Except for a small enhancement in strength, the broad maximum of the ice-cloud cloud-top Height in 2018 is basically unchanged from 2017. The two parallel pair of low intensity ice-cloud cloud-top Height tracks that run vertically along the 90° E and 135° W longitudes, still remain discernable. But for the 2018 ice-cloud Optical Depth and Particle Size panels, there is a virtually uniform decrease in the absolute magnitude of the variability across both panels.

6 Discussion

The chief motivation for this study was to assess the prospects of using 1-day resolution variability comparisons as the means for providing more direct model/data diagnostic inter-comparisons. Because of the need to average out the uncorrelated quasi-chaotic behavior of both the real-world and the GCM generated output data, while simultaneously coordinating the space-time data resolution, diurnal cycle timing, and viewing geometry compatibility, such model/data comparisons are difficult to perform. With the common practice of using monthly-mean averaging to eliminate the quasi-chaotic weather noise, all climate system variability at frequencies shorter than 30 days is lost.

This is where DSCOVR mission EPIC and NISTAR measurements of the Earth’s sunlit hemisphere acquired from the Lagrangian L1 vantage point, provide the best means currently available to resolve this dilemma in model/data diagnostic comparisons. Averaging over the sunlit hemisphere of the EPIC data, along with the similar aggregation of climate GCM diagnostic data using the DSCOVR satellite ephemeris to account for the viewing geometry, effectively eliminate the meteorological weather noise, while maintaining precise diurnal cycle timing and viewing geometry coordination.

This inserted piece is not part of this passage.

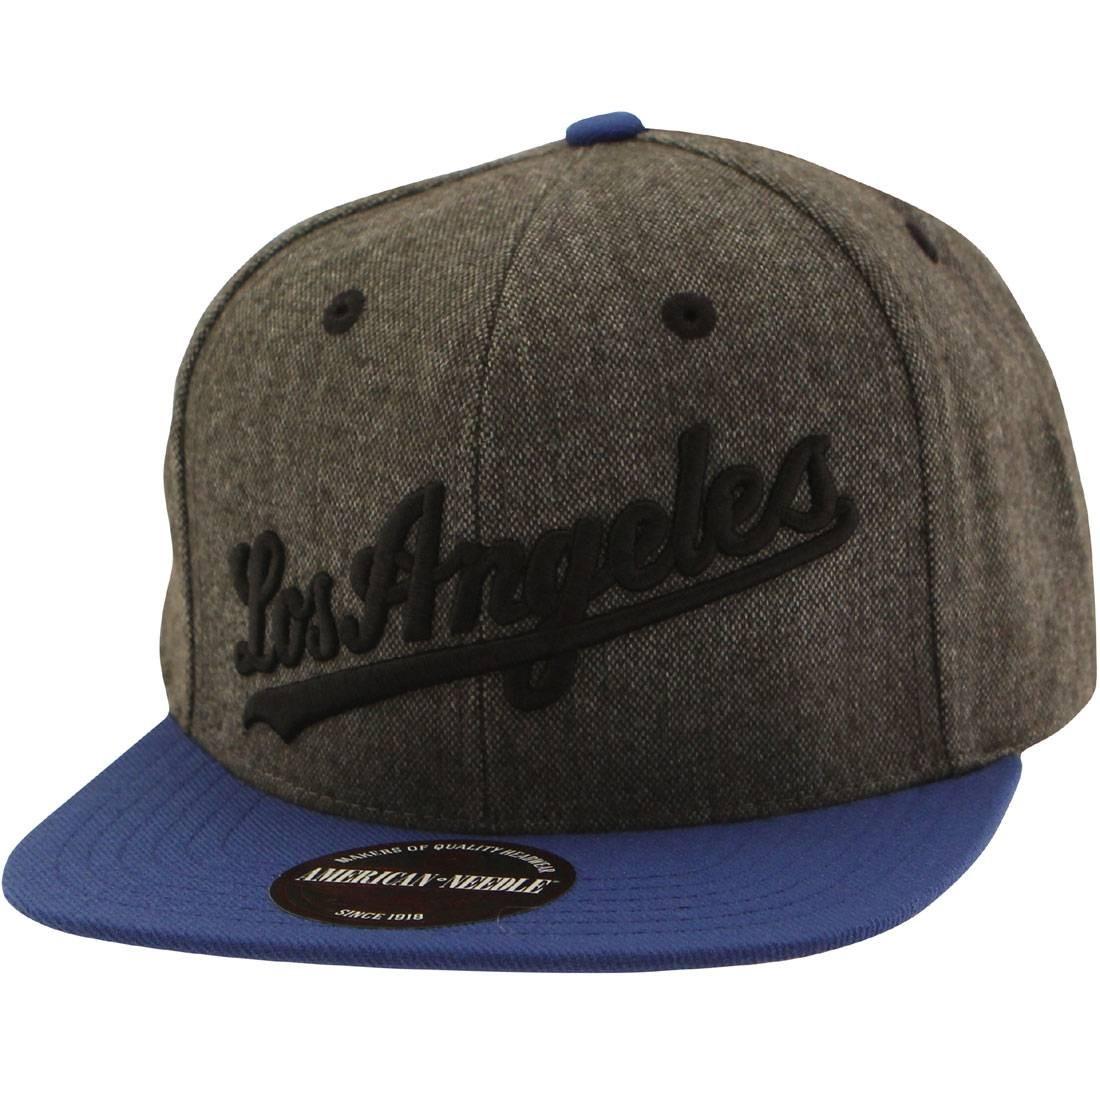 c3b09505be3e1 American Needle MLB Los Angeles Dodgers Snapback Cap - Flak brown royal

Variability is a pervasive characteristic of the terrestrial climate system. All measurable climate system parameters and climate system phenomena vary constantly and interact with each other, being both the cause and the result of these interactions in a changing climate. These ongoing climate system causes and effects can be classified in terms of climate forcings and feedbacks, some known precisely, others less so. For example, the daily and seasonal changes in solar irradiance are known accurately at any given location on the Earth, but the responses of the different climate system constituents to the everchanging radiative forcing are far more diversified, and thus, far more difficult to isolate. And they may also involve significant time delays, thresholds, and discontinuous transformations. Some exhibit characteristic variability signatures in terms of their frequency of occurrence, duration, amplitude, and/or their size and geographic location.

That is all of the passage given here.